DENSON v. CITY OF ATLANTA. GOLDEN v. CITY OF ATLANTA. CITY OF ATLANTA v. MARTA et al.

A91A1174, A91A1175, A91A1176.

Court of Appeals of Georgia.

Decided December 4, 1991.

Reconsideration Denied December 19, 1991.

Branch, Pike, Ganz & O'Callaghan, Gregory J. Digel, Keith J. Reisman, Mitchell & Hersh, Bruce E. Mitchell, for Denson.

Eric C. Silver, for Golden.

Michael V. Coleman, Kendric E. Smith, Sarah I. Mills, Lisa E. Steinmetz, for City of Atlanta.

Carter & Ansley, Robert A. Barnaby II, for MARTA.

Judge Arnold Shulman.

These three appeals arise from an automobile collision which occurred at the intersection of Lee and West Whitehall Streets in the City of Atlanta ("the City"). The two drivers involved in the collision, appellants Denson and Golden, obtained a jury verdict against the city awarding them damages based on a nuisance theory; however, the trial court subsequently granted the city's motion for judgment notwithstanding this verdict. Case Nos. A91A1174 and A91A1175 are Denson's and Golden's respective appeals from that ruling, while case No. A91A1176 is a cross appeal by the City from the dismissal of a third-party complaint which it had filed against the Metropolitan Atlanta Rapid Transit Authority ("MARTA").

The intersection where the collision occurred is known as the "Lee Street-West Whitehall Street" intersection. Its configuration is somewhat unusual in that to the south of the intersection Lee Street runs one way northbound, while Whitehall Street runs one way southbound. Upon reaching the intersection, Lee Street apparently shifts direction and runs east and west. The intersection is located near the MARTA West End Rail Station, and a series of piers supporting MARTA's elevated tracks occupy the median between northbound Lee Street and southbound West Whitehall Street. The traffic lights at the intersection are governed by a "conflicts monitor" which automatically switches the signals to a flashing mode whenever a disruption of the normal "stop-and-go" pattern is detected. (The signals may also be switched to the flashing mode manually, if necessary.) Such device is mandated by the Manual on Uniform Traffic Control Devices for Streets & Highways (the "manual"), a body of regulations published by the Federal Highway Administration for the purpose of assuring uniform traffic regulation throughout the country, which has been adopted both by the State of Georgia and by the city.
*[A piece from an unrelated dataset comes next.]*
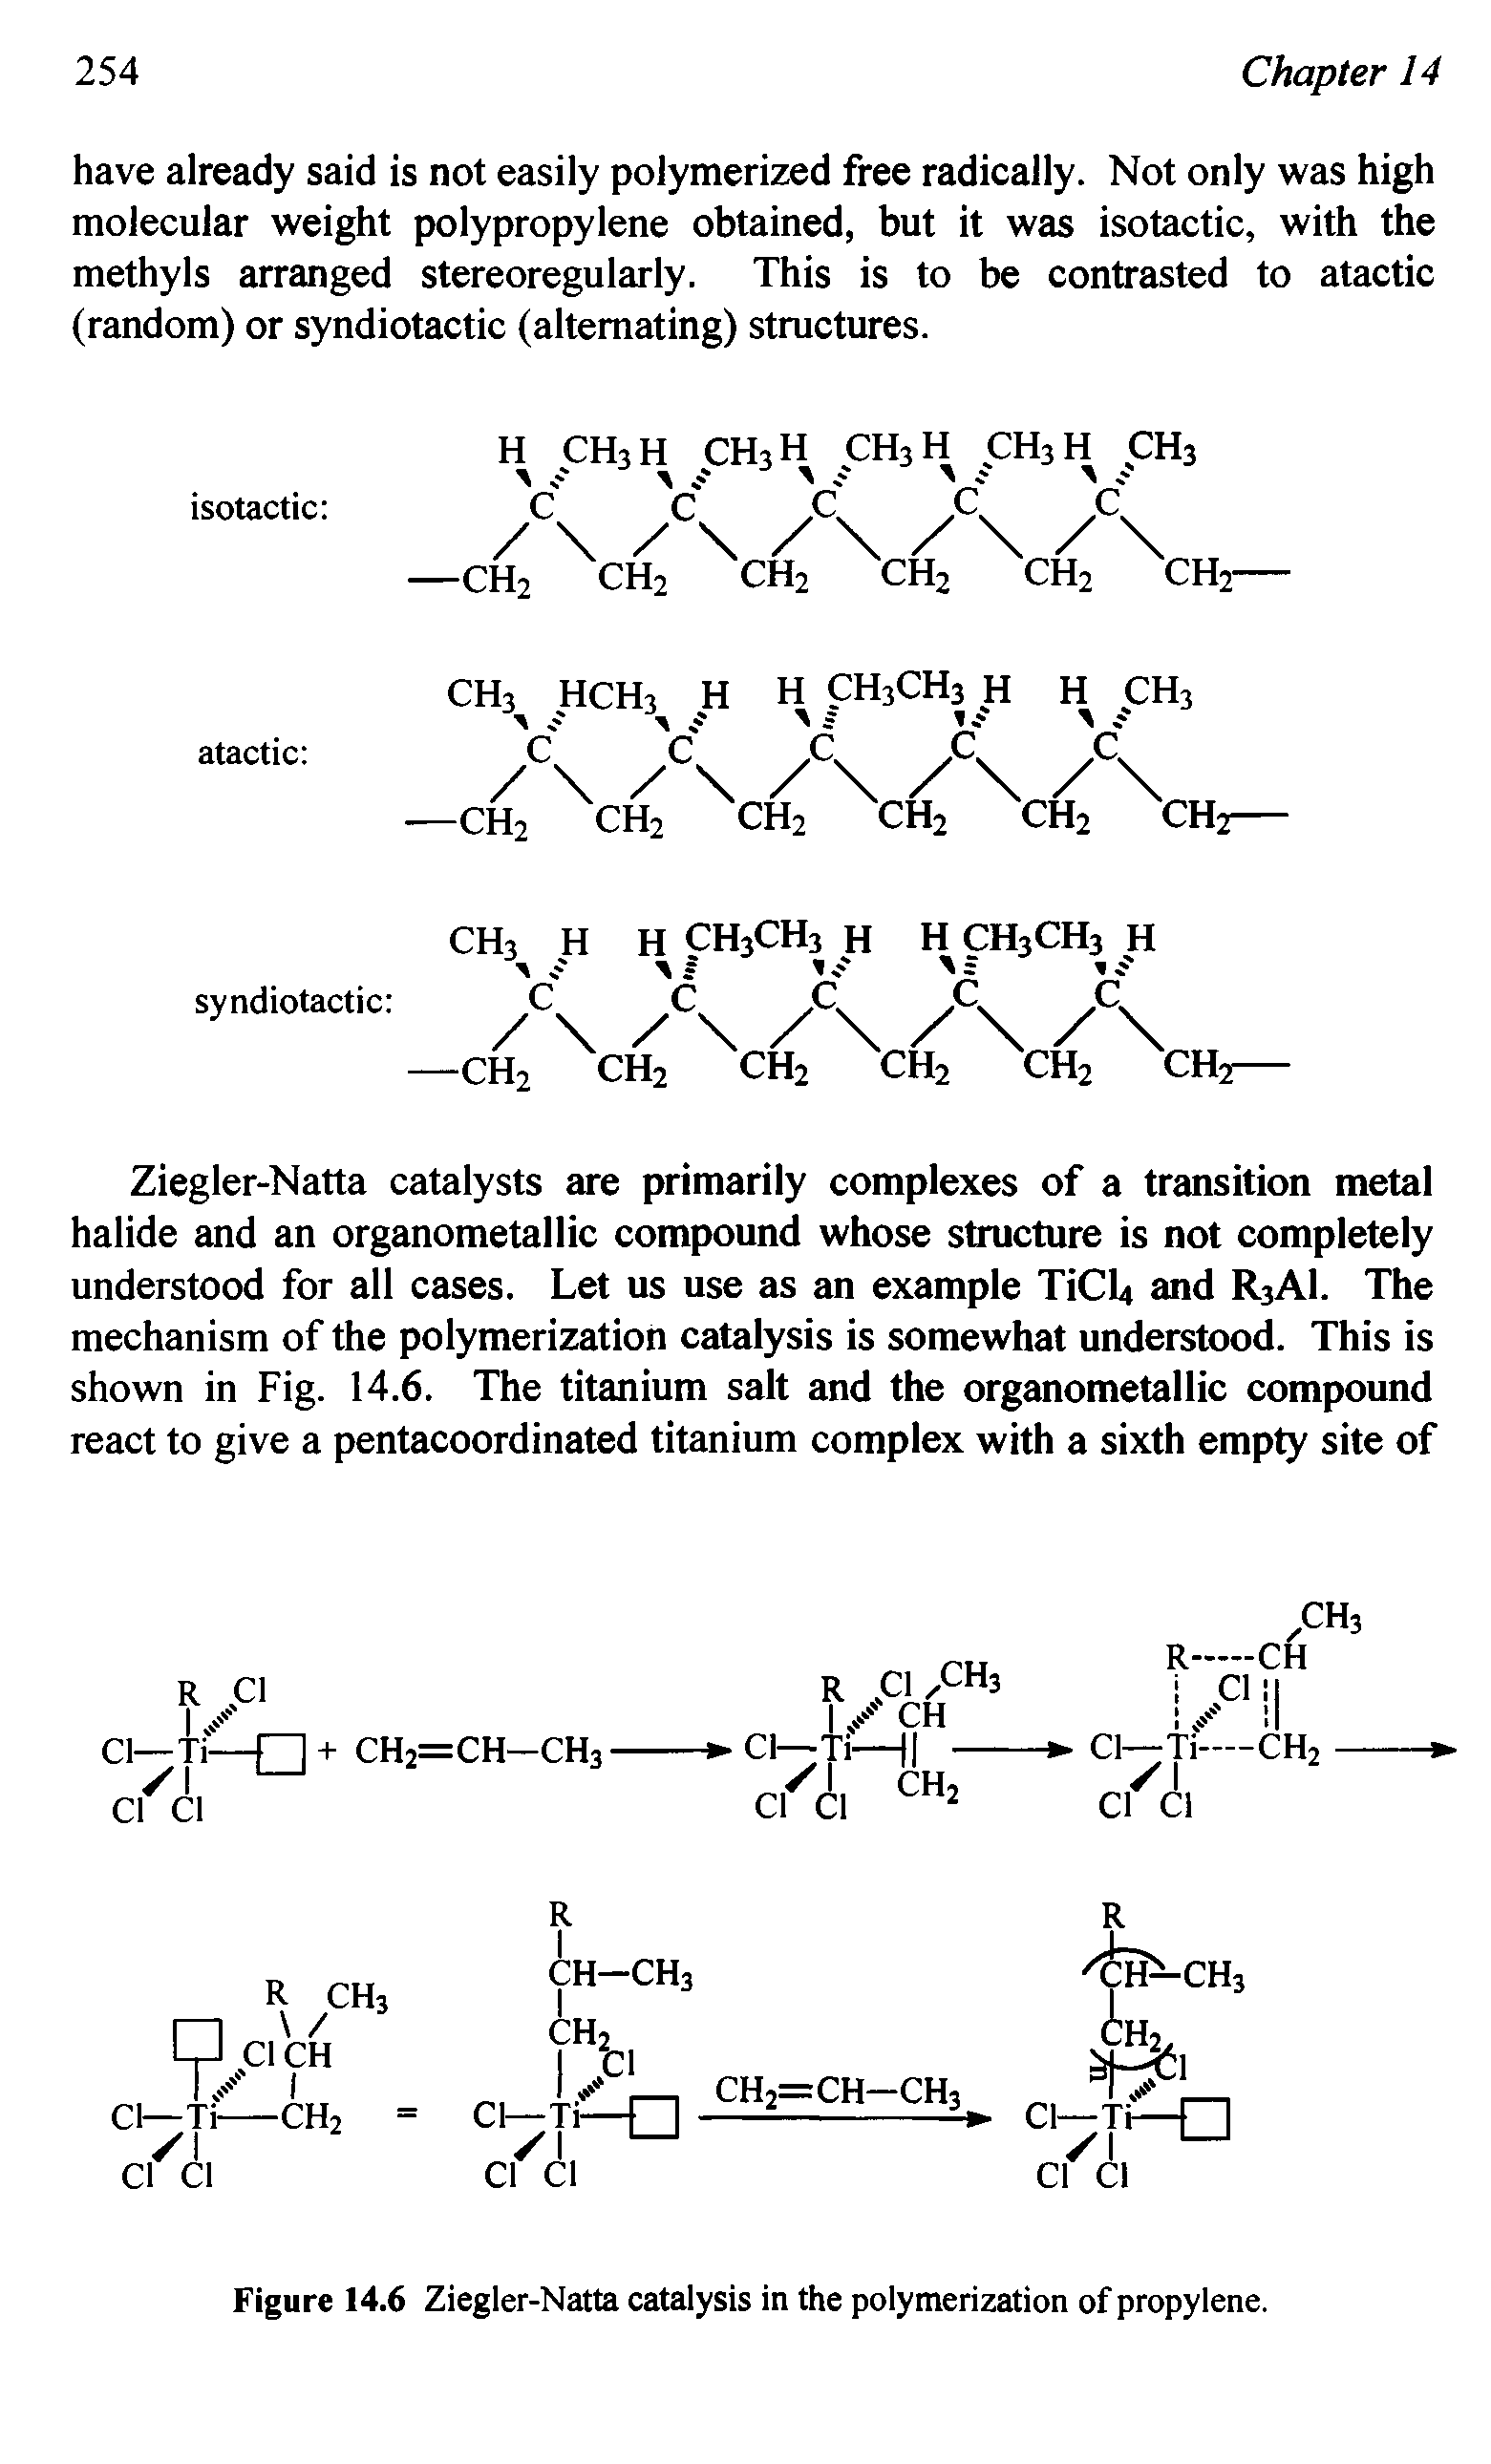 Figure 14.6 Ziegler-Natta catalysis in the polymerization of propylene.

The city's Bureau of Traffic & Transportation ("the Bureau"), which is charged with responsibility for maintaining such traffic signals, *326 received a report about 9:00 a. m. on November 13, 1986, that the traffic signals at the intersection were flashing red for east-west traffic and yellow for north-south traffic. A repair crew was dispatched; and by 1:00 p. m. the controller mechanism had been replaced, restoring the signal to the normal "stop-and-go" mode. However, at 7:00 the following morning the bureau received a report that the traffic lights at the intersection were again flashing. A repair crew was again dispatched; and the signals were again returned to their normal function, this time through an adjustment to the new controller mechanism.
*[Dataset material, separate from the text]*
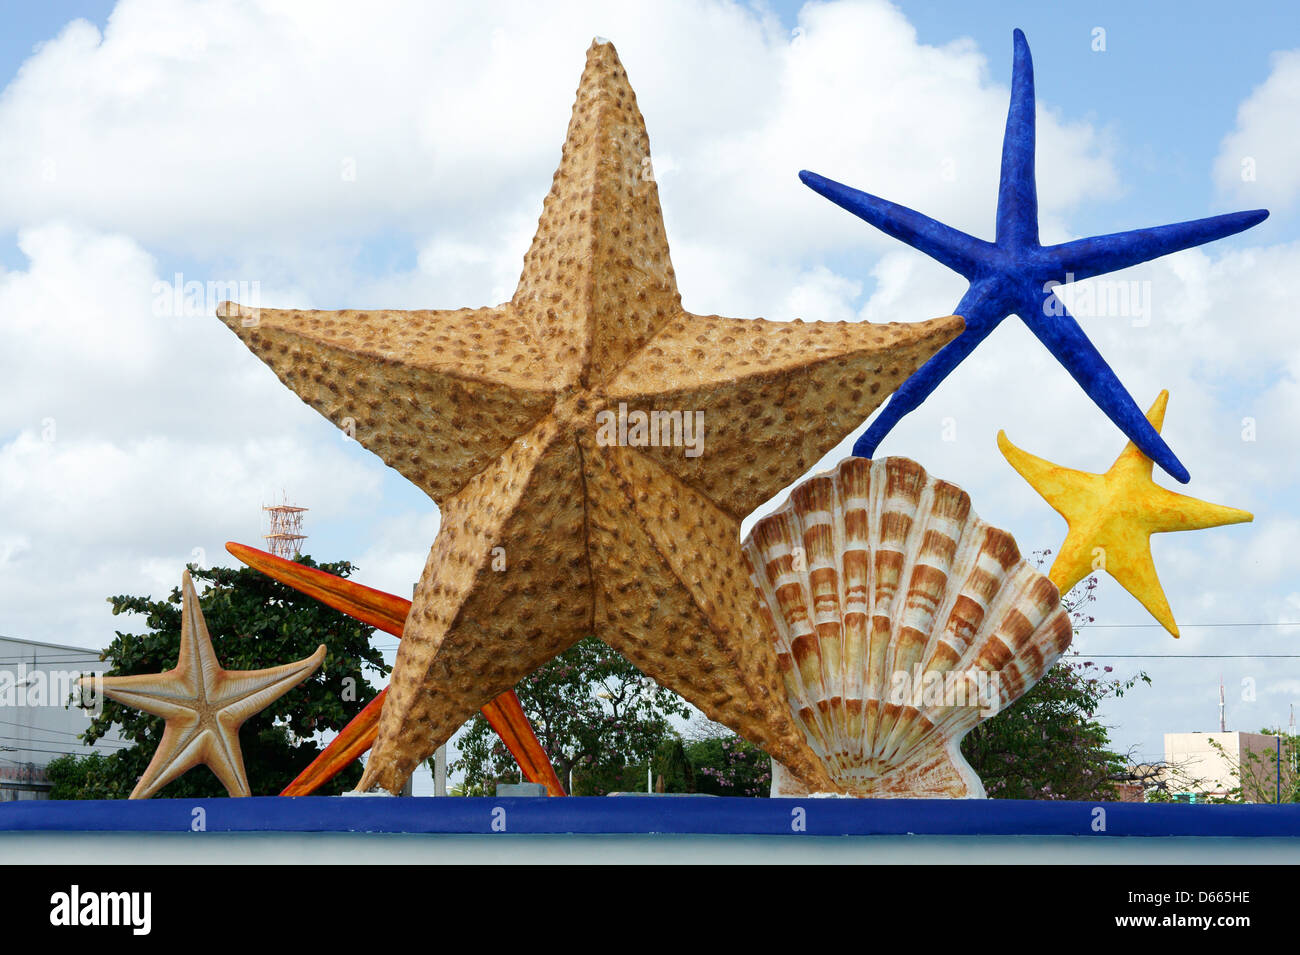 Plaza Caracoles o Ceviche fountain Square, estrellas de mar y conchas de mar en el centro de Cancún, Quintana Roo, México. Foto de stock

At some point between 1:00 and 2:00 a. m. on November 15, 1986 (i.e., the following night), a collision occurred at the intersection, between an eastbound and a northbound vehicle. The Atlanta police officer who investigated this accident noted in her report that the signals were operating in the flashing mode at the time, but she assumed that the signals had been switched to that mode intentionally, and she consequently did not report this to the bureau. At approximately 8:00 the next morning, appellant Golden, who was proceeding northbound into the intersection, collided with appellant Denson, who was proceeding eastbound across the intersection. Both drivers observed the flashing signals but were nevertheless unable to see each other until just before the impact.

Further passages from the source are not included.